Она ходила от стены к стене, по привычке терла, как бы умывая, ладони, в комнате было еще сизо и душно от дыма, хотя через маленькую форточку вливались морозные волны воздуха и колебали язычок пламени в керосиновой лампешке, которая задыхалась и сипела.

«А что, если все, что говорил Егор, правда? — подумала Ксения и остановилась.— Бывает же так в жизни, когда правым оказывается один, а не все».
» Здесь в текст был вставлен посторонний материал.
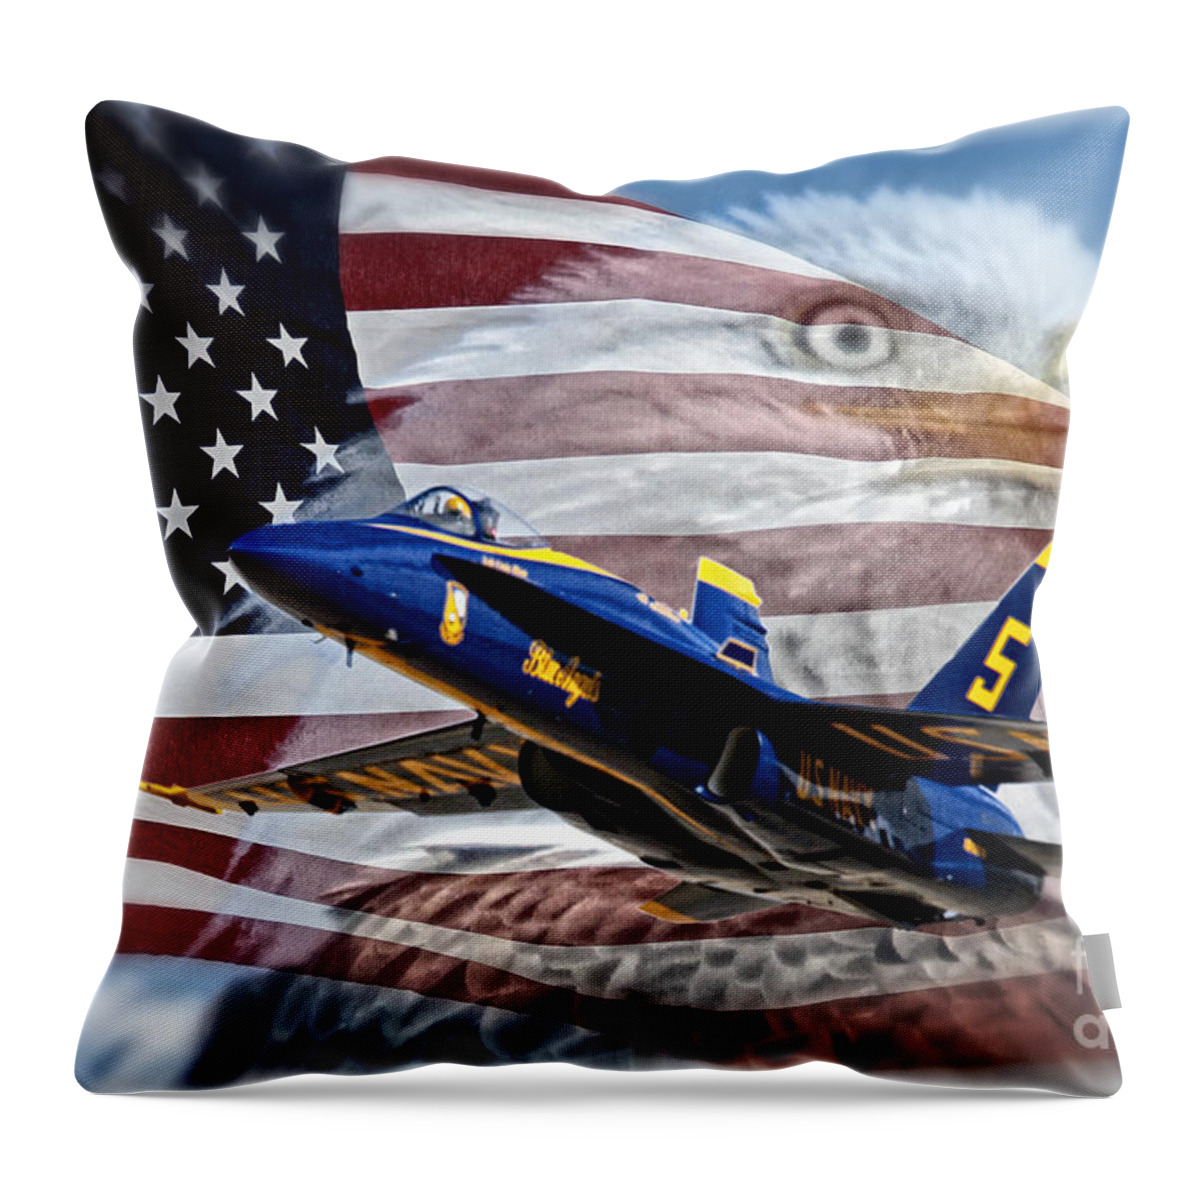 American Flag Throw Pillow featuring the photograph Symbols by Bob Hislop

Она не была уж такой наивной и бестолковой, чтобы мириться с тем, что мешает людям лучше жить и работать, но бунтарский дух Дымшакова грозил самому главному, без чего она не мыслила крепкой организации,— единству и сплоченности. Дай волю вот таким анархиствующим — и завтра же под видом очищения от всего плохого они не пощадят ни одного авторитета, поднимут руку на незыблемые принципы, посеют сомнение, расшатают всякую дисциплину. Никто не возражал против критики,— пожалуйста, критикуй, но делай это разумно, в рамках партийности, не нанося ущерба партии, не вредя делу.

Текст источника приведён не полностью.